CSCI 8970 – Colloquium Series – Fall 2010 – Third Event
Probabilistic Models for Matrix Analysis
Monday, September 27, 2010
Presenter: |
Arindam Banerjee | |
Dr. Banerjee’s presentation dealt with the new forms in which researchers are analysis matrixes, in particular, the use of Bayesian network analysis methods. Data matrixes had been able to process single label classifications, and optimized a problem to cluster similar values, yet the goal of Dr. Banerjee process is to not simply fit the data to the best model but analyze all possible straight lines. After evaluating different linear relationships, some of the lines will gain and lose weight according to how much they are used. Using gene expression analysis, it is possible to find some valuable data in the matrix. Through the use of a dirichlet distribution of all possible mixed memberships, and the use of plate diagrams, the use of a Bayesian co-clustering process permits for an accurate and rapid evaluation of data.
Through the use of variation inference, Dr. Banerjee demonstrated the results the process when analyzing movielens information and foodmart information. The datasets allowed for the comparison of RBC and RBC-FF to other matrix management systems including SVD. While SVD can be more accurate obtaining results, RBC obtained similar results at a faster rate. Dr. Banerjee’s team competed in the one million dollar Netflix challenge and their approach obtained significant praise. The tests showed how some information was better in providing taste predictions. When analyzing genre and cast, the matches were more helpful, while the use of plot data was detrimental. Other applications for this method of analysis includes: text classifications (discrimination between topics), cluster ensembles (combines multiple clusters of a dataset), and Bayesian kernel methods (nonlinear covariance among rows and columns).

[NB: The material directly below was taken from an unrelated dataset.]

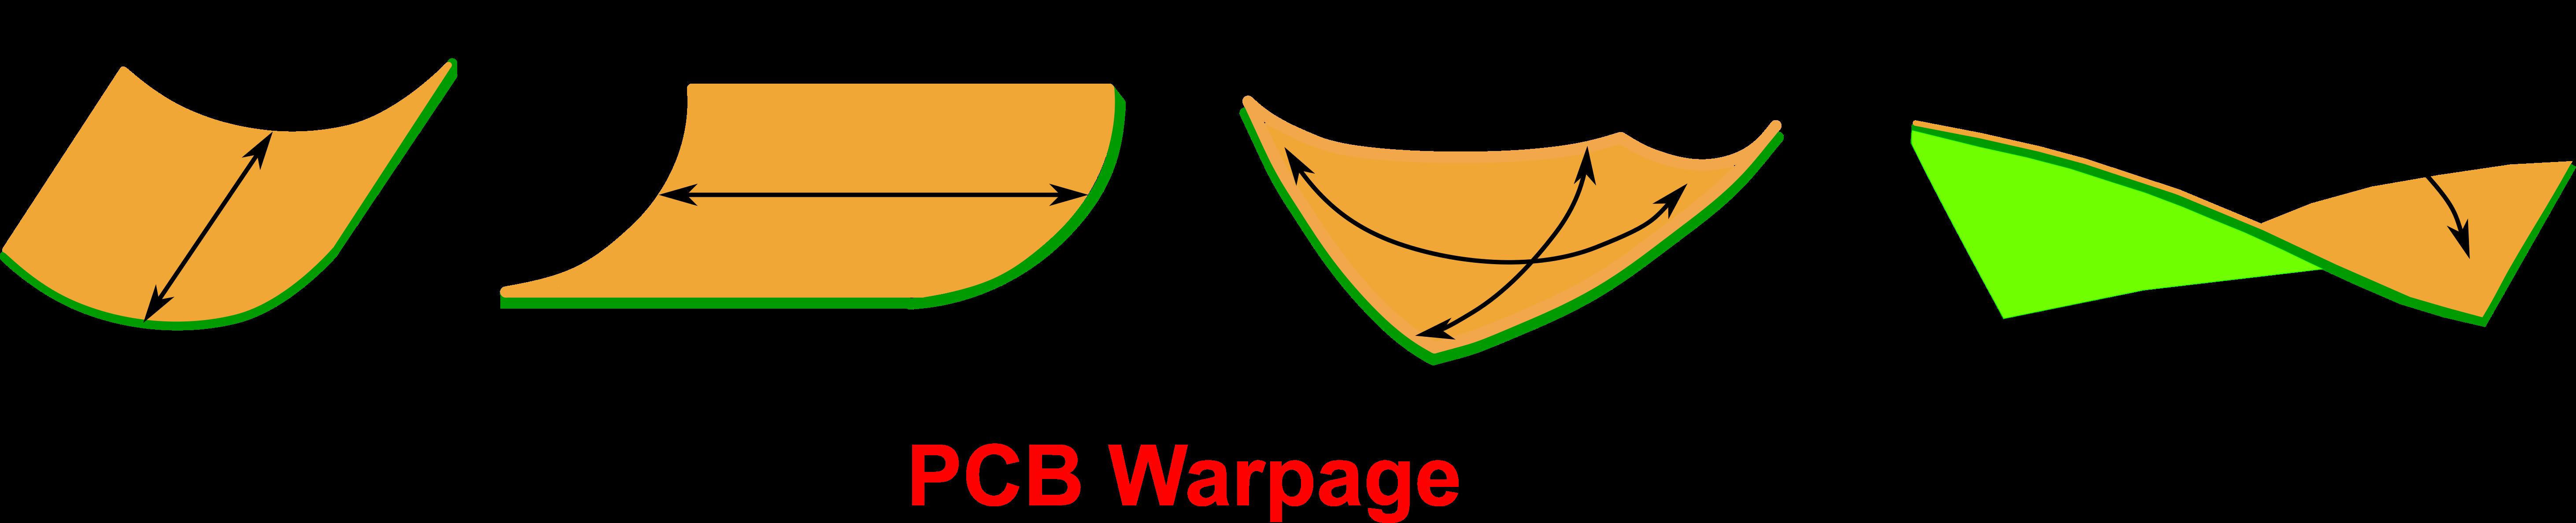 PCB warpage

In conclusion, unlike the other two presentations, this one was somewhat harder to follow, perhaps due to its mathematical complexity. The study was very interesting and demonstrated how important it is for constantly find different ways to look at data and find which evaluations methods will be most helpful. Another application which Dr. Banerjee shared with the audience included the use of multi label classifications, and their use in evaluating NASA aviation safety reports. Other applications for their matrixes analysis includes: covariance models – nonlinear, high-dimensional, online learning and tracking covariances over rows, as well as applications in climate science, finance and health care. Apart from the staff at the University of Minnesota, the project works in collaboration with the NSA and NASA.